If that has been the message off the pitch from FSG, what has it been on it? Nothing spoke louder than the sale of Luis Suarez. The man who drove Liverpool to within a whisker of the title. The man who made people ask if he was as good as Cristiano Ronaldo and Lionel Messi or just behind them. The man who has helped Barcelona to a treble in his first season in Spain and who is so respected by Messi that the Argentine is willing to shift out of his central role, something he could never stomach when Zlatan Ibrahimovic arrived. And also the man who FSG sold for less than Real Madrid paid for Gareth Bale. Here was a man to build an elite team around. Here was someone a Roman Abramovich like figure or a force such as Manchester City’s Abu Dhabi United Group would have grinned with glee to inherit on buying their respective clubs. A man who would ordinarily cost over £100m and even then would probably be out of reach. There is a reason Barcelona have never sold Messi, despite Paris Saint-Germain’s petro-dollars and Abramovich’s looks of desire. There is a reason Real Madrid won’t entertain selling Ronaldo. These types of players simply cannot be replaced. And certainly not by taking a punt on Mario Balotelli.
 

What if FSG do succeed in helping Liverpool climb their way up to being Champions League regulars? Then an Arsenal-type situation awaits. Also under American ownership, the Gunners give the impression of not quite being run with winning the title in mind – that would take real financial intent. In the late 1980s and early 1990s, Arsenal were Liverpool’s most serious of threats. Now they too exist with the bottom line as a priority, helped by a manager who is only too pleased to take a knife to a gun fight with the thought that if he wins he will look really, really smart. Instead he always ends up having to run away, being heard muttering that he needs a bigger knife. Both Arsenal and Liverpool have used UEFA's financial fair play rules as a convenient cloak for either a willingness or inability to invest to win the game's biggest prizes. But with UEFA set to relax the rules, there may soon be nowhere to hide.

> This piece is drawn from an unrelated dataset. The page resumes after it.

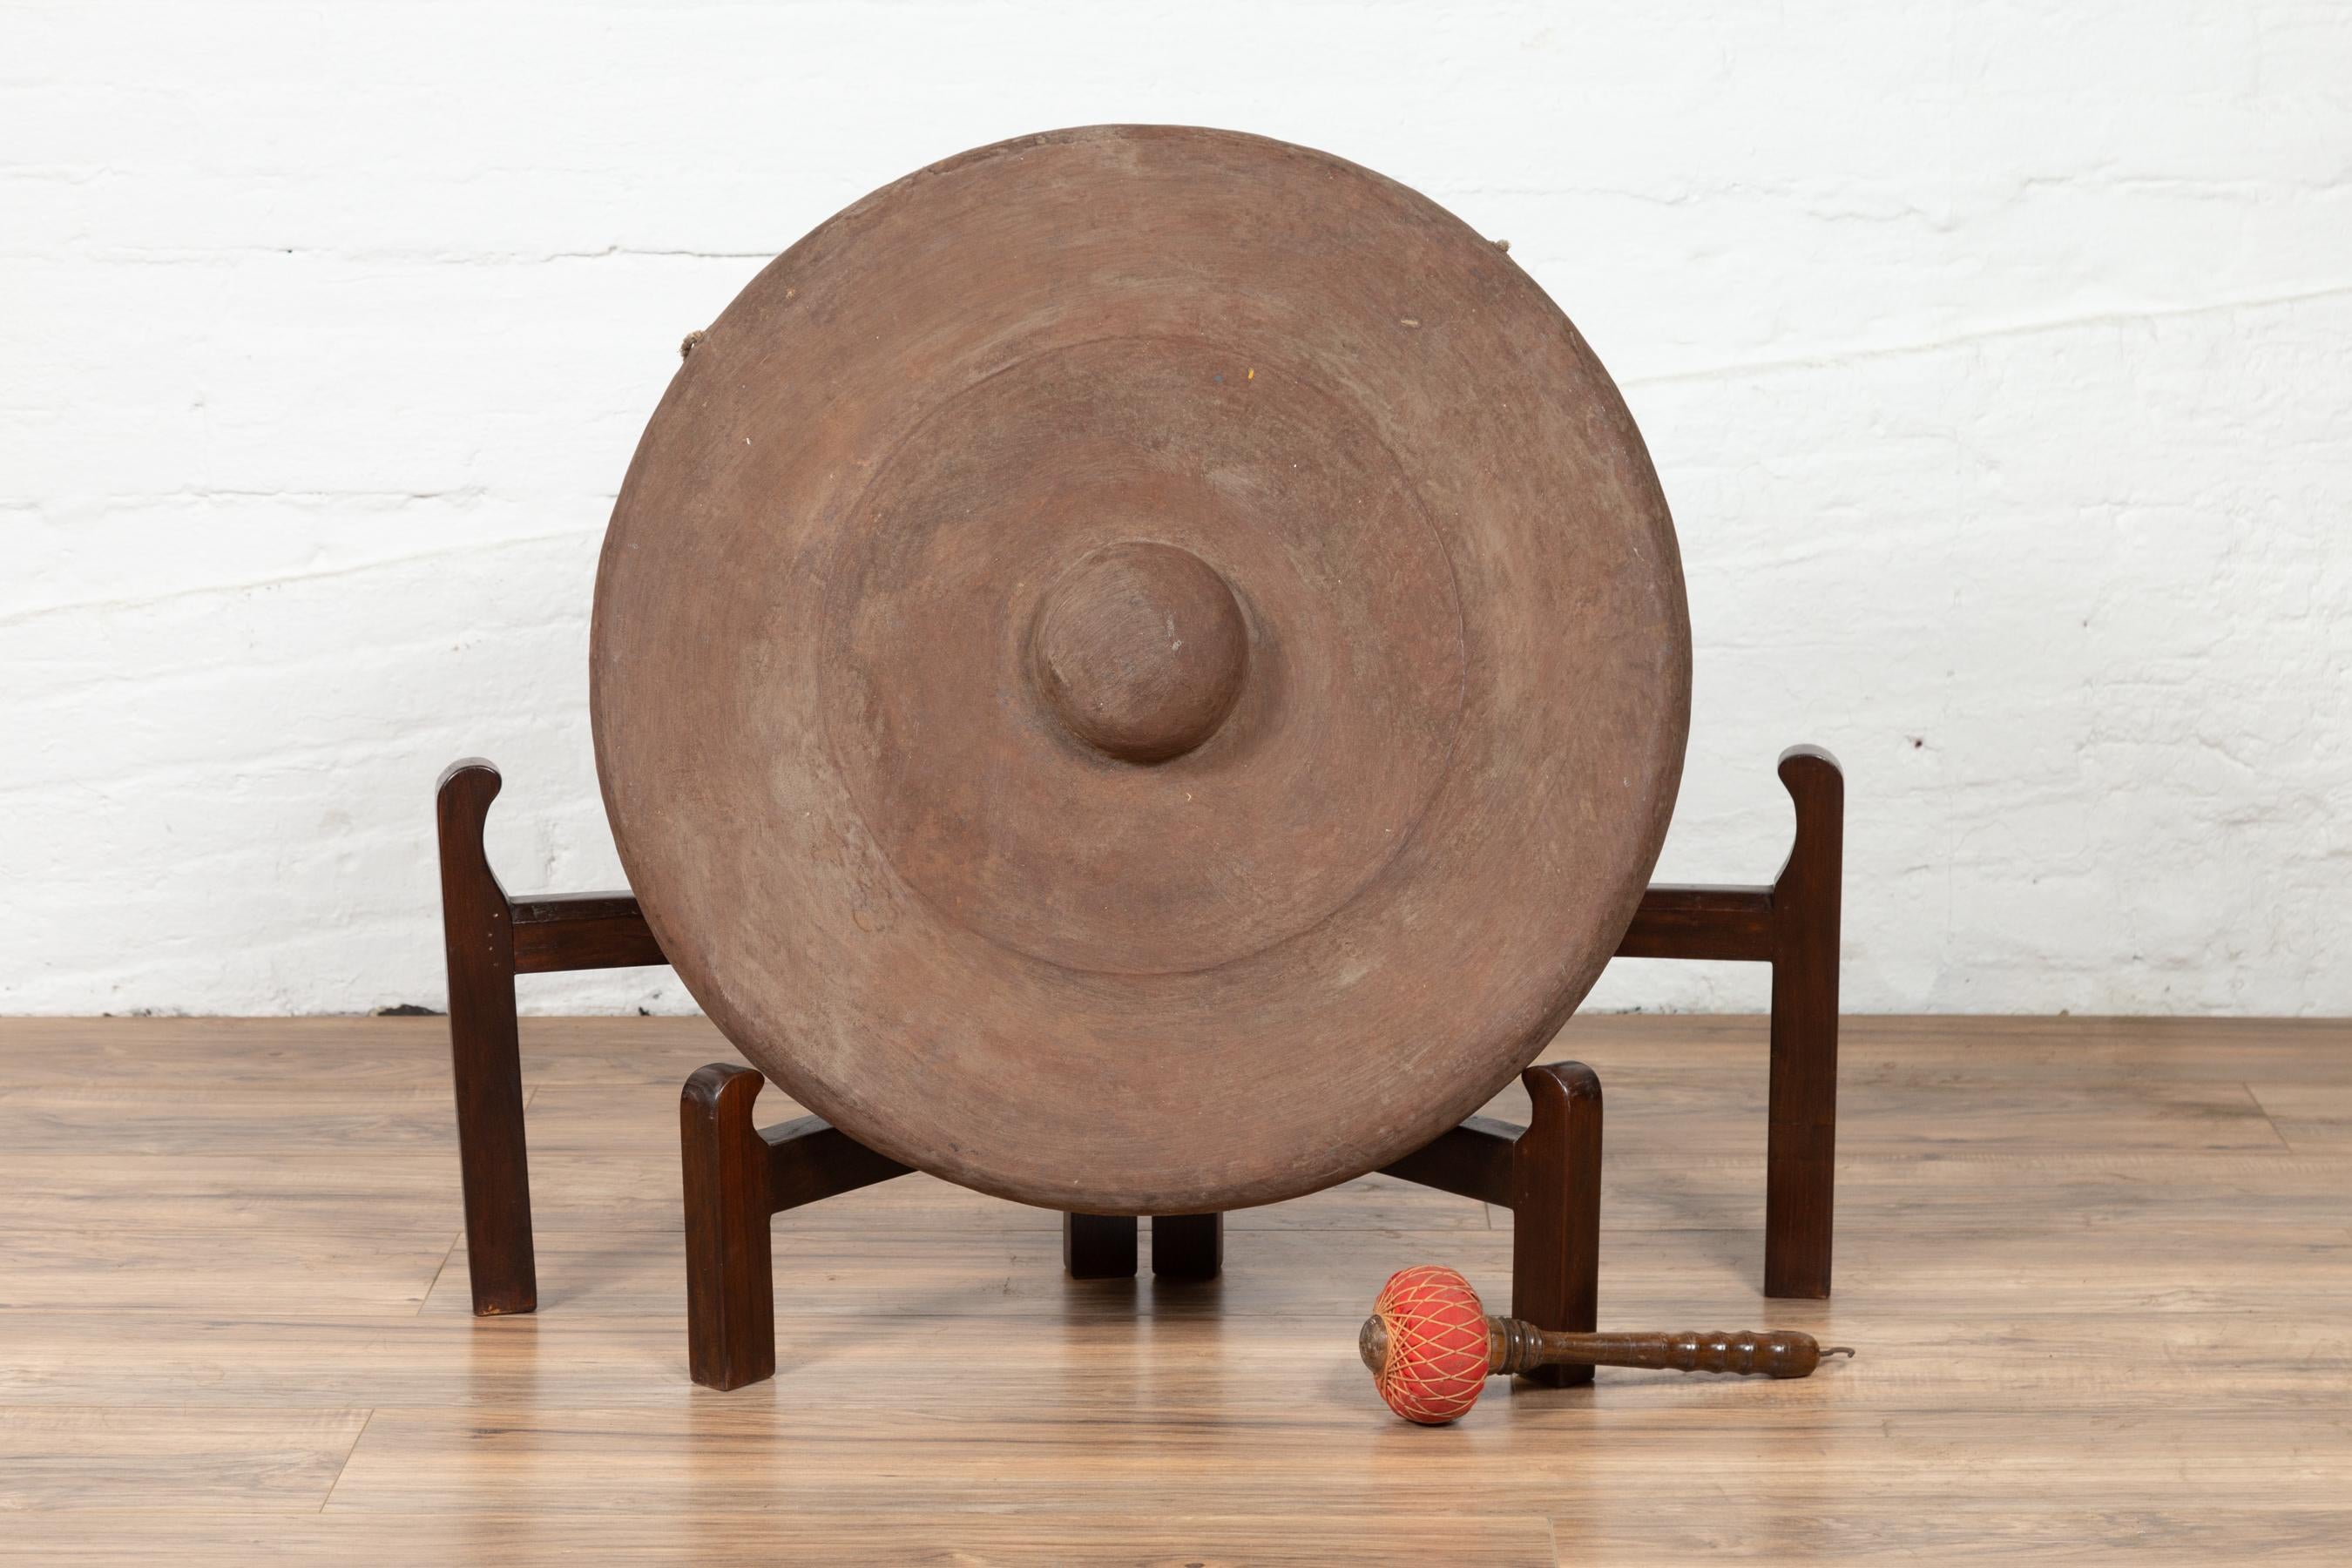 An antique Burmese bronze temple gong with mallet from the early 20th century. Please note that the stand is not included. Born in Burma during the early years of the 20th century, this exquisite bronze temple gong features a traditional circular

For Liverpool at least it must fall to the fans to scrutinise and question FSG; only they still have a sense of the club’s standing in world football. Thousands don’t flock to games in Asia and America because they are desperate to catch a glimpse of the fourth place contenders. In a summer which has seen Liverpool’s only truly global name depart in Steven Gerrard, the ball is now in FSG’s court to make a statement. The signs don’t look promising. And even Wenger isn’t worried by the pea-shooter carrying Rodgers.

If Liverpool are to slip out of the echelon of the world's biggest clubs, they must not do so quietly. They must not go gentle into that good night. Liverpool must rage, rage against the dying of the light.